Static binding: if the function calling is known at compile time then it is known as static binding. in static binding type of object matter accordingly suitable function is called. as shown in the example below obj_a.fun() here obj_a is of class A that's why fun() of class is called.

#include<iostream>
using namespace std;
class A{
public:
void fun()
{cout<<"hello world\n";}

};
class B:public A{
public:
void show()
{cout<<"how are you ?\n";}

};

int main()
{
A obj_a;           //creating objects
B obj_b;
obj_a.fun();       //it is known at compile time that it has to call fun()
obj_b.show();     //it is known at compile time that it has to call show()
return 0;
}

dynamic binding: if the function calling is known at run time then it is known as dynamic binding. we achieve late binding by using virtual keyword.as base pointer can hold address of child pointers also. so in this content of the pointer matter.whether pointer is holding the address of base class or child class

#include<iostream>
using namespace std;

class car{
public:
    virtual void speed()
     {
      cout<<"ordinary car: Maximum speed limit  is 200kmph\n";
     }
};
class sports_car:public car{
  void speed()
     {
      cout<<"Sports car: Maximum speed is 300kmph\n";
     }
};

int main()
{
car *ptr , car_obj;      // creating object and pointer to car
sports_car   sport_car_obj;  //creating object of sport_car
ptr = &sport_car_obj;      // assigining address of sport_car to pointer 
                             //object of car 
 ptr->speed();   // it will call function of sports_car

return 0;
}

if we remove virtual keyword from car class then it will call function of car class. but now it is calling speed function of sport_car class. this is dynamic binding as during function calling the content of the pointer matter not the type of pointer. as ptr is of type car but holding the address of sport_car that's why sport_car speed() is called.

Answer 3

These are true of all object-oriented languages, not just C++.

Static, compile time binding is easy.

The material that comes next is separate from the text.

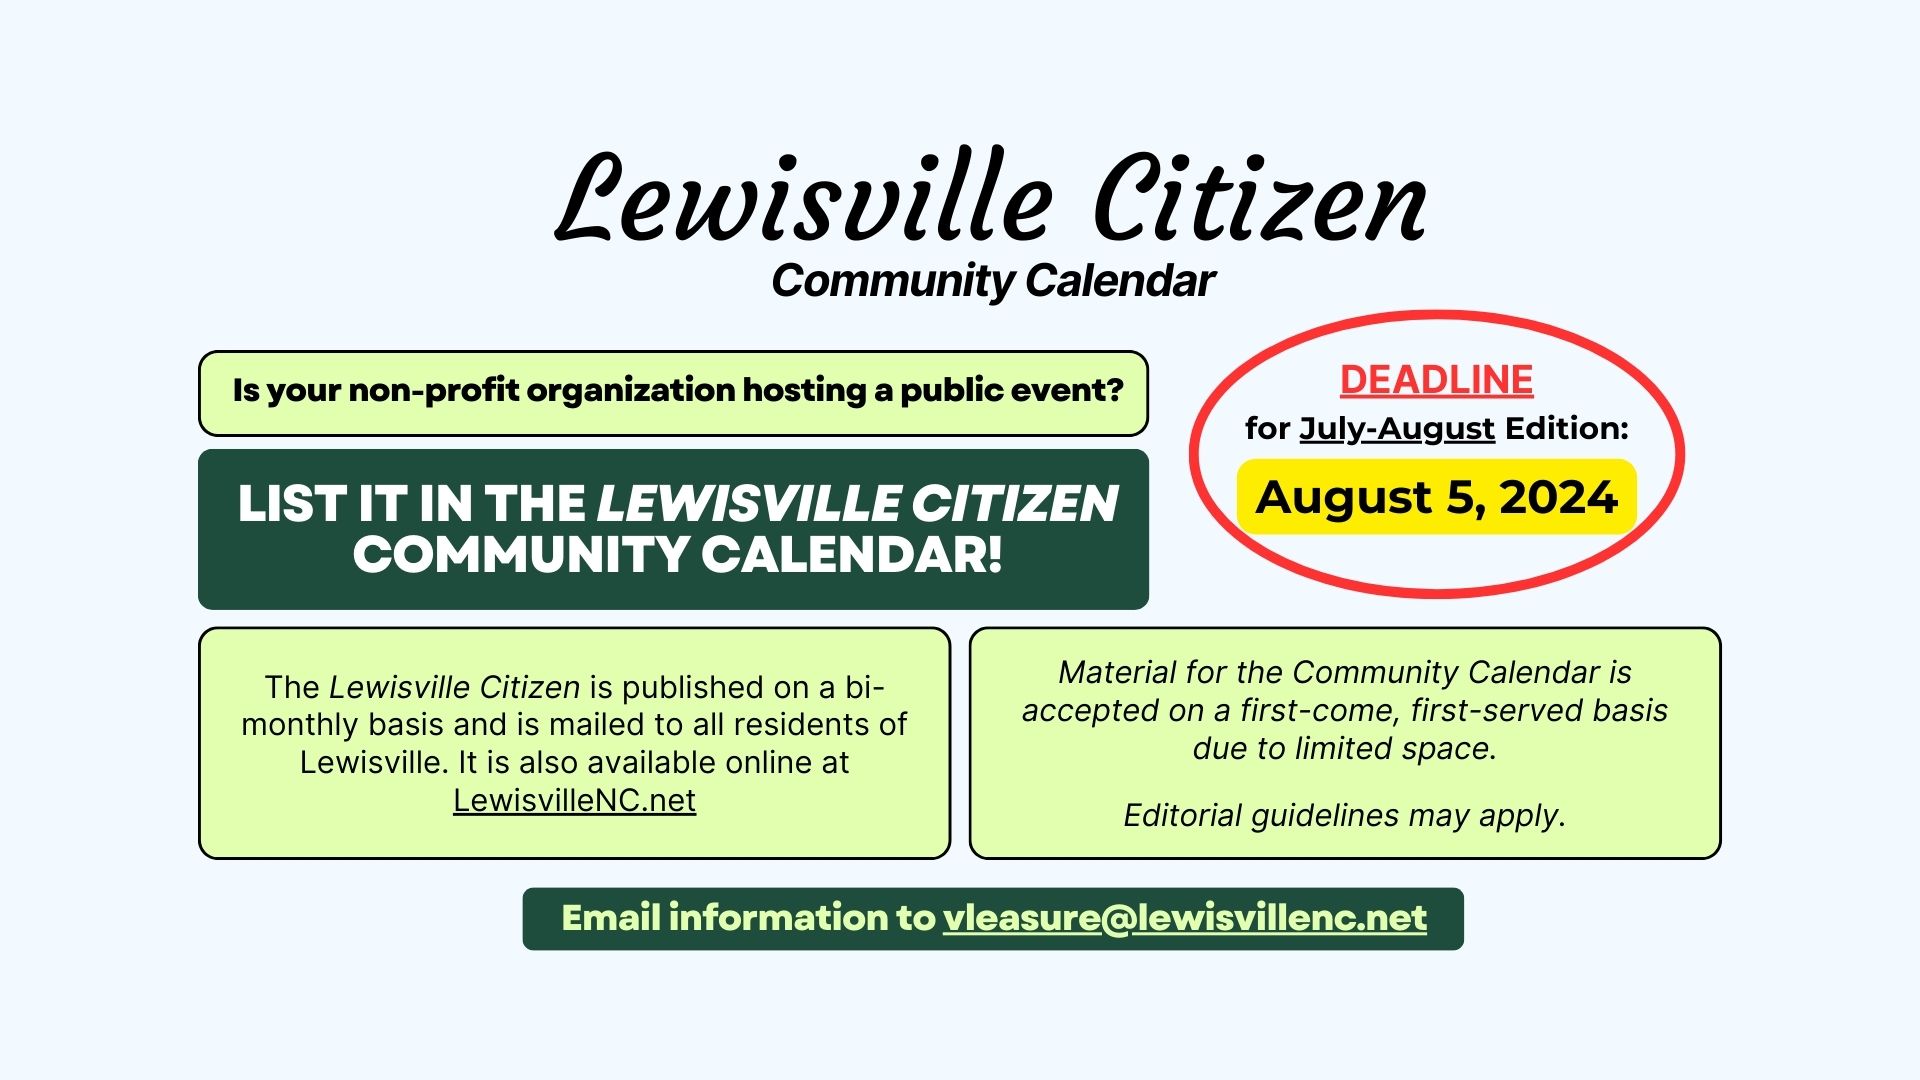 Lewisville Citizen Community Calendar deadline August 5, 2024

There's no polymorphism involved. You know the type of the object when you write and compile and run the code. Sometimes a dog is just a dog.

Dynamic, runtime binding is where polymorphism comes from.

If you have a reference that's of parent type at compile type, you can assign a child type to it at runtime. The behavior of the reference will magically change to the appropriate type at runtime. A virtual table lookup will be done to let the runtime figure out what the dynamic type is.